I was already a Zen fanatic when I went to India. But it didn't last. After some years of intense daily practice, I became more and more disillusioned. Surprise, surprise.
"In Zen it doesn't matter where you sit: on the floor, a bench or a chair.
Just keep your hands in your lap, your eyes one third open with your mind concentrated on your breath. Breath in, breath out. That's all".
No, it is not.
"Japanese culture is alien to the West. The Western imitation of Japanese Zen is a hurdle for meditation not a help."
Right.

The History of Zen Buddhism
After several years in India I needed a change. Not out of Zen but into it.
Without moving to another place, I ended up in ancient China.
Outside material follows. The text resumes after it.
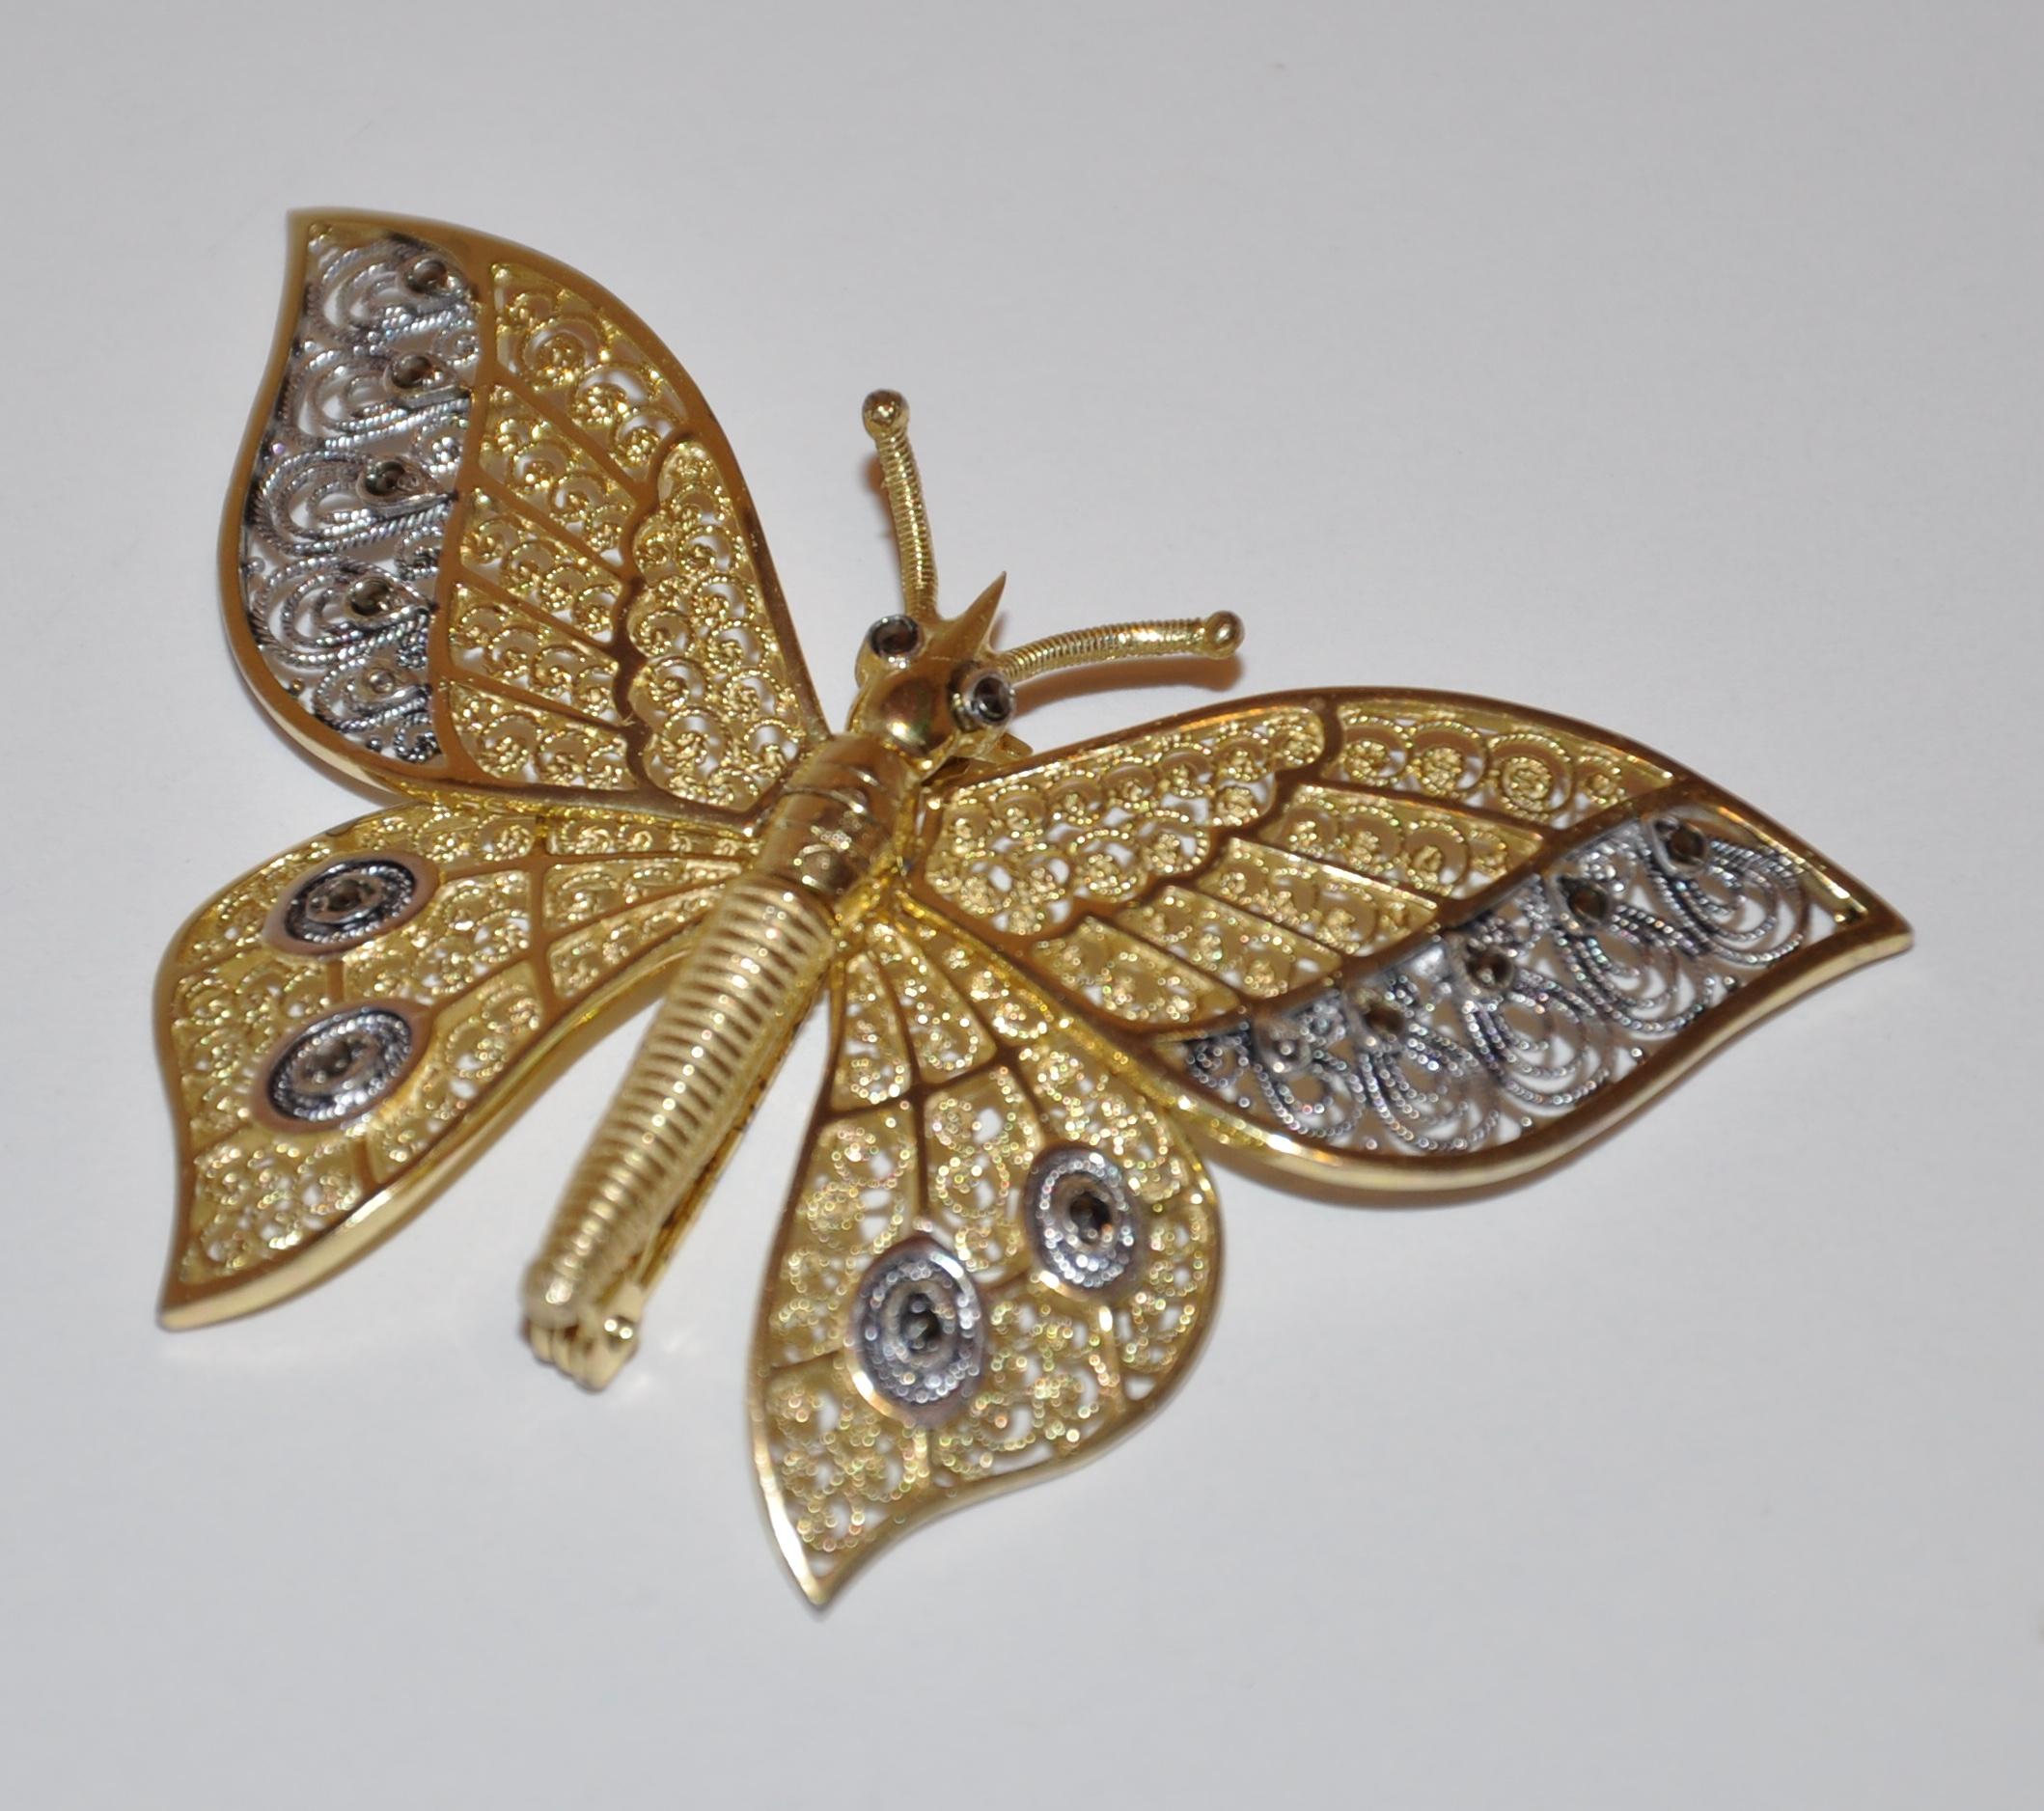        Alice Caviness wonderfully detailed sterling silver with gold overlay butterfly brooch has all four wings moveable if desired. Filigree handwork and made in Germany. The upper wings  measures 2 3/8 inches in width, with the smaller wings

One thousand five hundred years ago, a protest movement of Chinese monks challenged their Buddhist superiors.
"Wisdom only comes through meditation"
was their motto.
That's what I'd looked for. I was immediately fascinated.
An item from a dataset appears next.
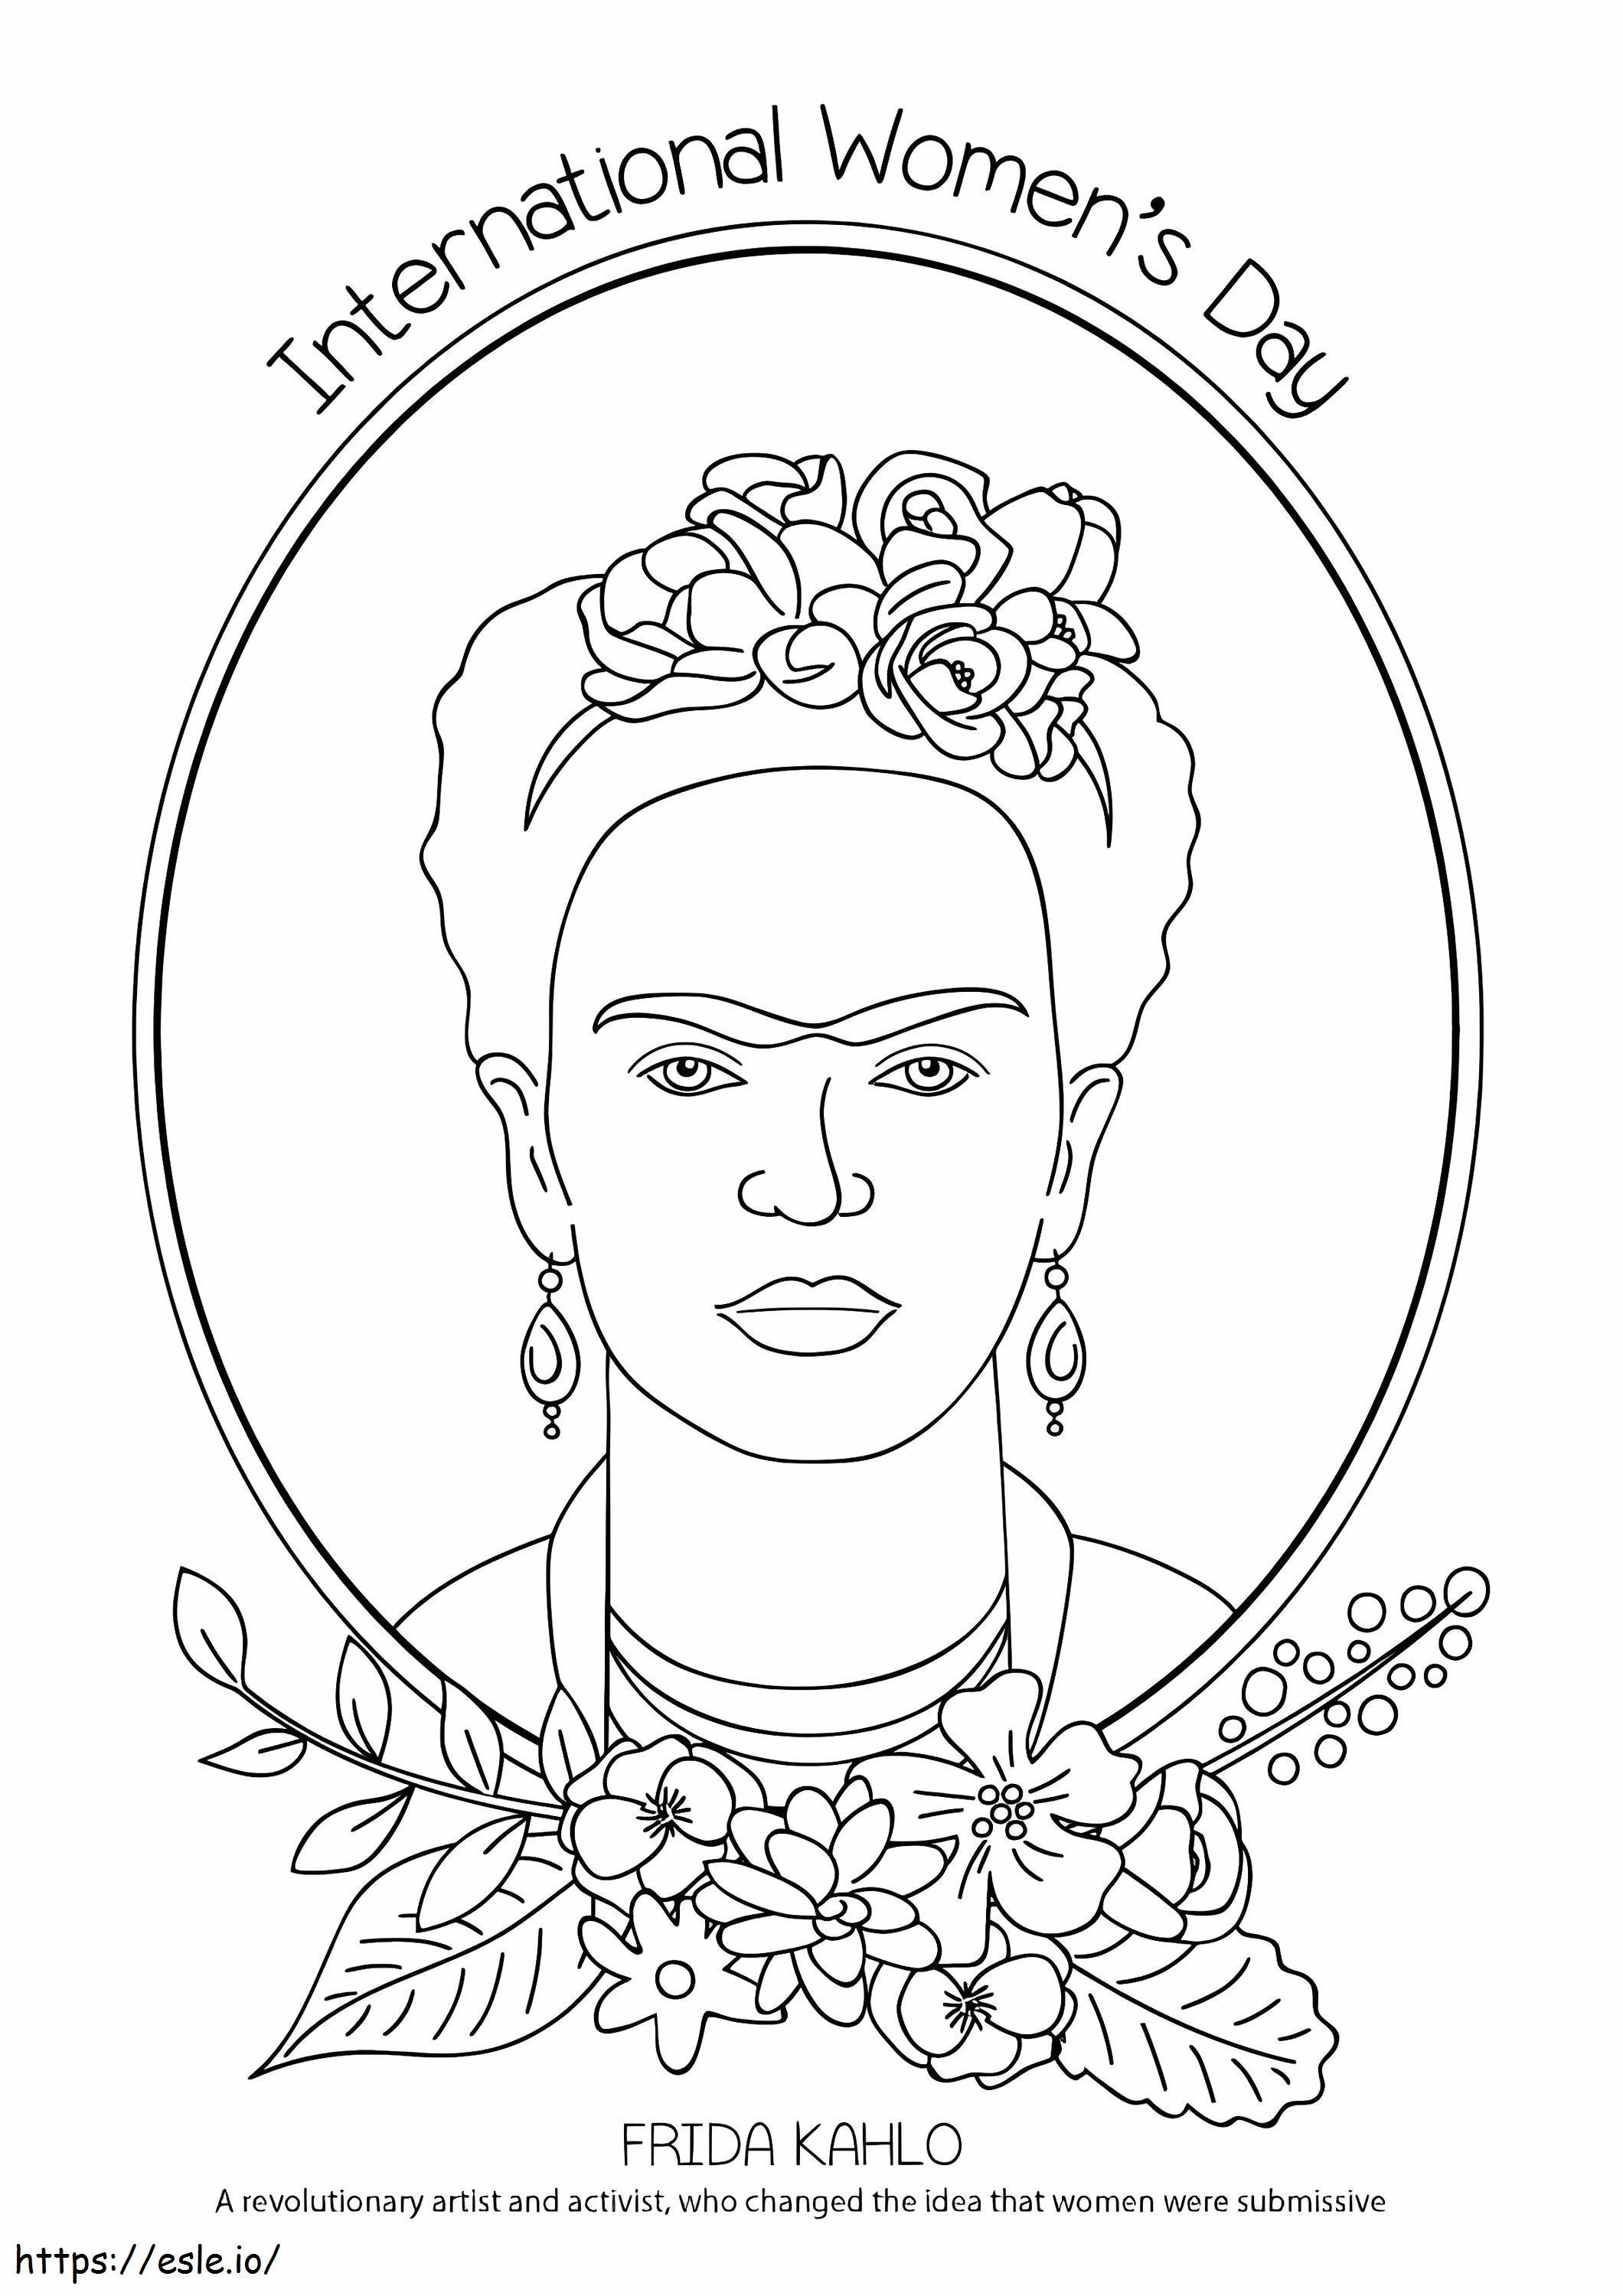 International Womens Day coloring page

But how to take up attitudes, habits and a practice gone for hundreds of years with only a few
pictures and documents left?
Fortunately I'm not the first to ask this question.
Others, throughout the history of Zen, had found the solution: Don't teach Zen. Do it.
This approach undermines the school concept. Don't take the master serious. Zen rituals, prayers and robes not only look like comedy, they are comedy.
There is nobody to bow to. Kill the Buddha. Burn its wooden statues.

Zen practice
Laugh, laugh with the fat Chinese laughing Buddha.
Meditate, forget to achieve a holy state of mind.
Forget it.
"Holy is a four letter word," monk Bodhidharma told Emperor Wu right in the beginning of Chinese Zen.
A good program and advice, isn't it?
But how to translate the ancient Zen into today's world?
How to make it work in modern times, for contemporary people?
How to bring the Chinese laughter and meditation practice on a website?
I sat with these questions for quite some time. Perhaps just to do it. Could I put a website together out of the blue?
I tried.
It wasn't a just-to-do-it work. I got sick of it, I was close to give up with all my doubts. But I'm not a quitter and
Elle helped me a lot.
Zen can't be explained, it can only be lived. Any explanation about the site would only destroy your experience.
Zen is not nice. It shows you yourself in a dark mirror.